世の中で一般的に使われている統計ツールを使えば、集めたデータを入力するだけで結果が出てきます。統計ソフトはブラックボックスのようなもので、中身を知らなくても結果を得ることができます。高度な分析もボタンひとつでできるツールが普及したおかげで、最近は膨大なデータを用いて新たな知見を見出そうとするデータサイエンスブームが起きています。

ツールの発達により誰もが簡単に統計を扱えるようになるのは喜ばしいことですが、私自身は統計の結果よりもブラックボックスそのものに興味があります。ブラックボックスがどう動きどのようにデータが解析されるのか、どのようなシチュエーションだったらどの程度の精度で解析できるのかを解明したいと思っています。「原理的にここまでしか解けない」という限界を確認することも統計学上の重要な課題です。シンプソンのパラドックスのように、今でも扱いが難しい問題もあり、そうした謎に挑むことも統計学を研究する面白さのひとつですね。

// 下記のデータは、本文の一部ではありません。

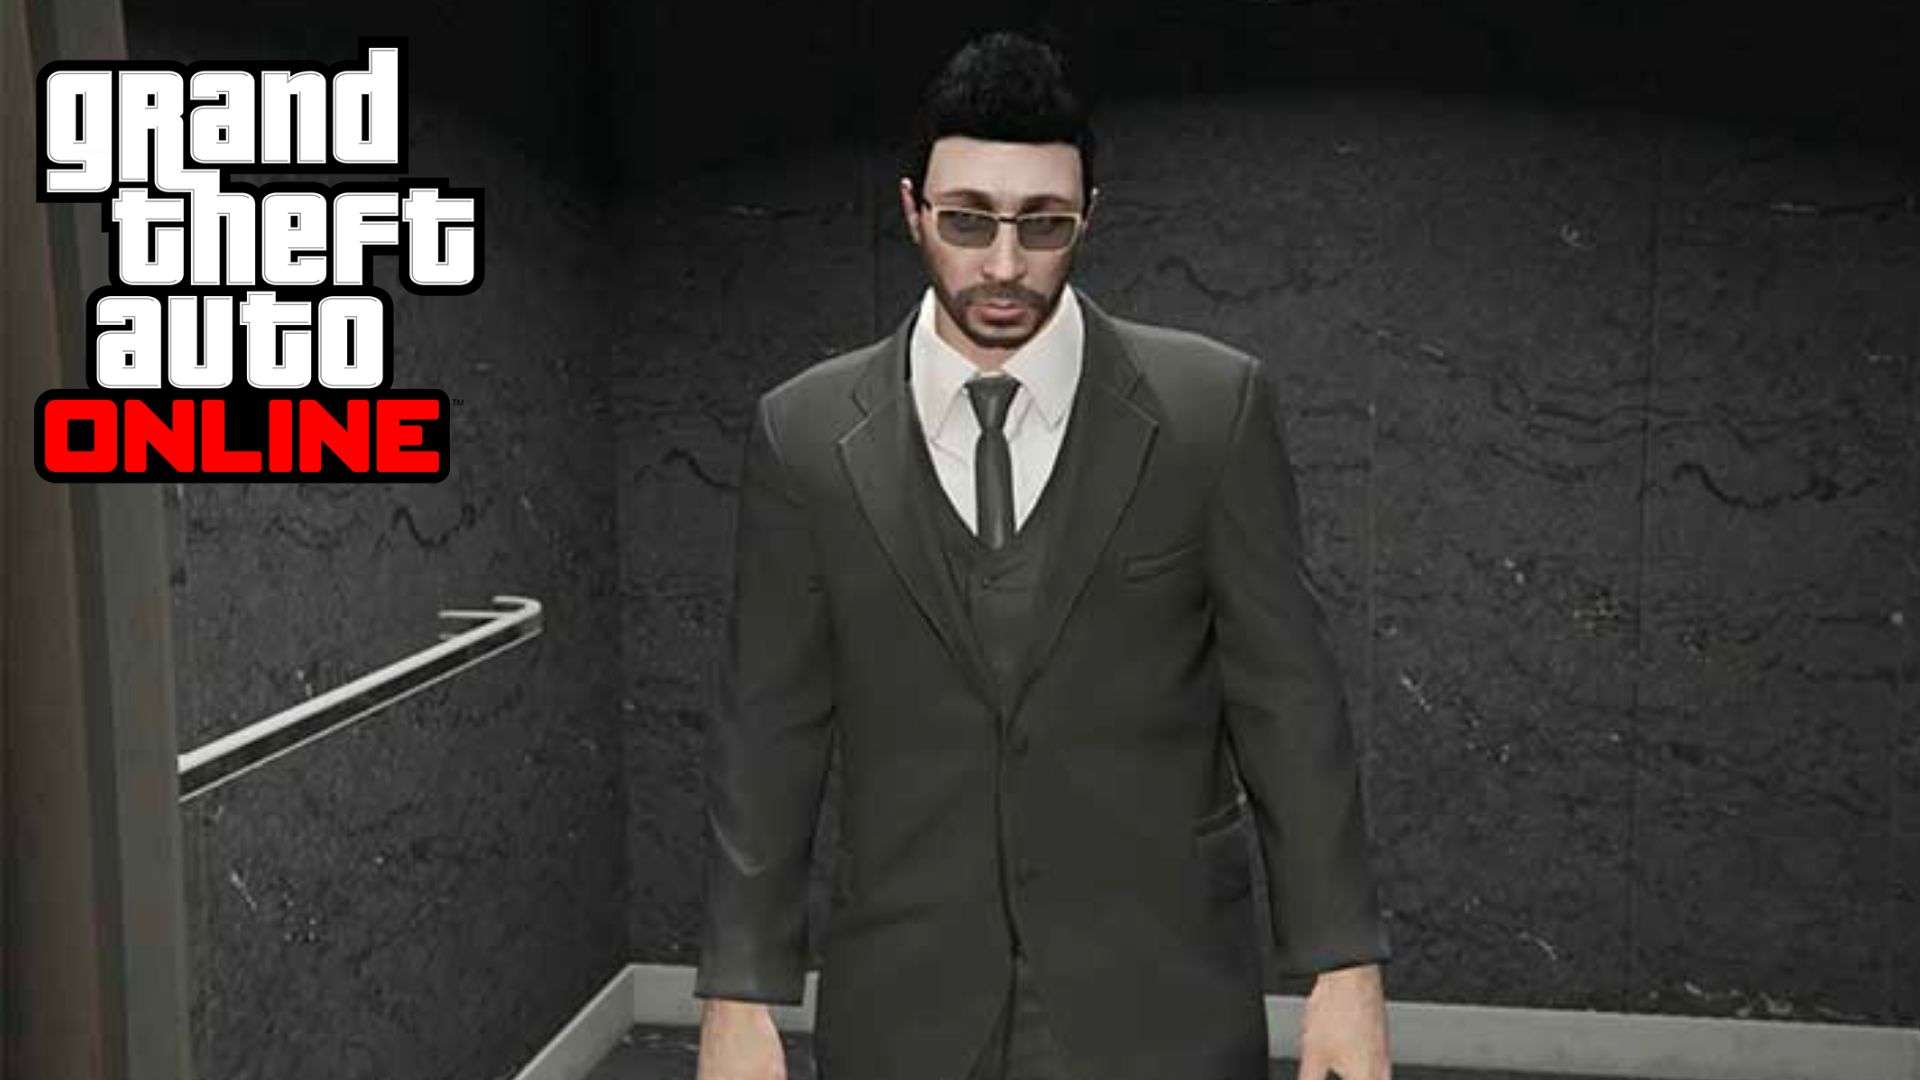 GTA Online character in suit stood in elevator

また、情報科学研究院には数学の専門家から情報科学の専門家まで幅広い研究者が在籍しており、画期的なコラボレーションが生まれるのではないかという期待があります。私は数学分野にも情報分野にも関わる中間的な立場にいるので、双方の研究者から最新の知見を学びつつ異なる分野の橋渡しをすることもできます。実際に共同研究が進んでいるテーマもあり、今後の展開が楽しみです。

解説

解説1:シンプソンのパラドックス

統計学の有名なパラドックス。⺟集団での相関と⺟集団を分割した集団での相関が矛盾する解釈を与える。図では、分割した2つの集団の平均(黄色の丸)は青い曲面上にあるが、母集団全体の平均(⾚い丸)は曲⾯から出てしまっている。平均が曲面上にあるかどうかで結果の解釈が異なってくる。ひとつのデータから異なる結果が出てくるためパラドックスと呼ばれる。

図

解説2:双対平坦空間の情報幾何を利用した統計的推定

数学の成績データに対する解析結果。5つの科目(1: 力学、2: 線形代数、3: 代数、4: 解析、5: 統計)の関連を示すグラフ。左上から右下まで辺がひとつずつ少なくなっていく。頂点が5つあるグラフにおける辺の与え方は1024通りあるが、情報幾何学的な手法により候補を10個に絞っている。

図

論文リンク:http://www.kurims.kyoto-u.ac.jp/~kyodo/kokyuroku/contents/pdf/1834-02.pdf

解説3:一般化線形回帰問題と情報幾何

回帰係数の推定を幾何学的に行う方法。パラメータを推定するだけでなく、回帰係数の一部を0にすることにより説明変数を選択する効果をもつ。

図

論文リンク:https://repository.kulib.kyoto-u.ac.jp/dspace/bitstream/2433/223324/1/1916-07.pdf

解説4:次世代地震計測と最先端ベイズ統計学との融合によるインテリジェント地震波動解析

統計学と地震学の専門家が協力して、地震現象の解明に取り組んでいます。統計学の観点からは、特にベイズ統計学を利用した高度な手法を研究しています。将来的な防災・減災に貢献できるような研究を目指しています。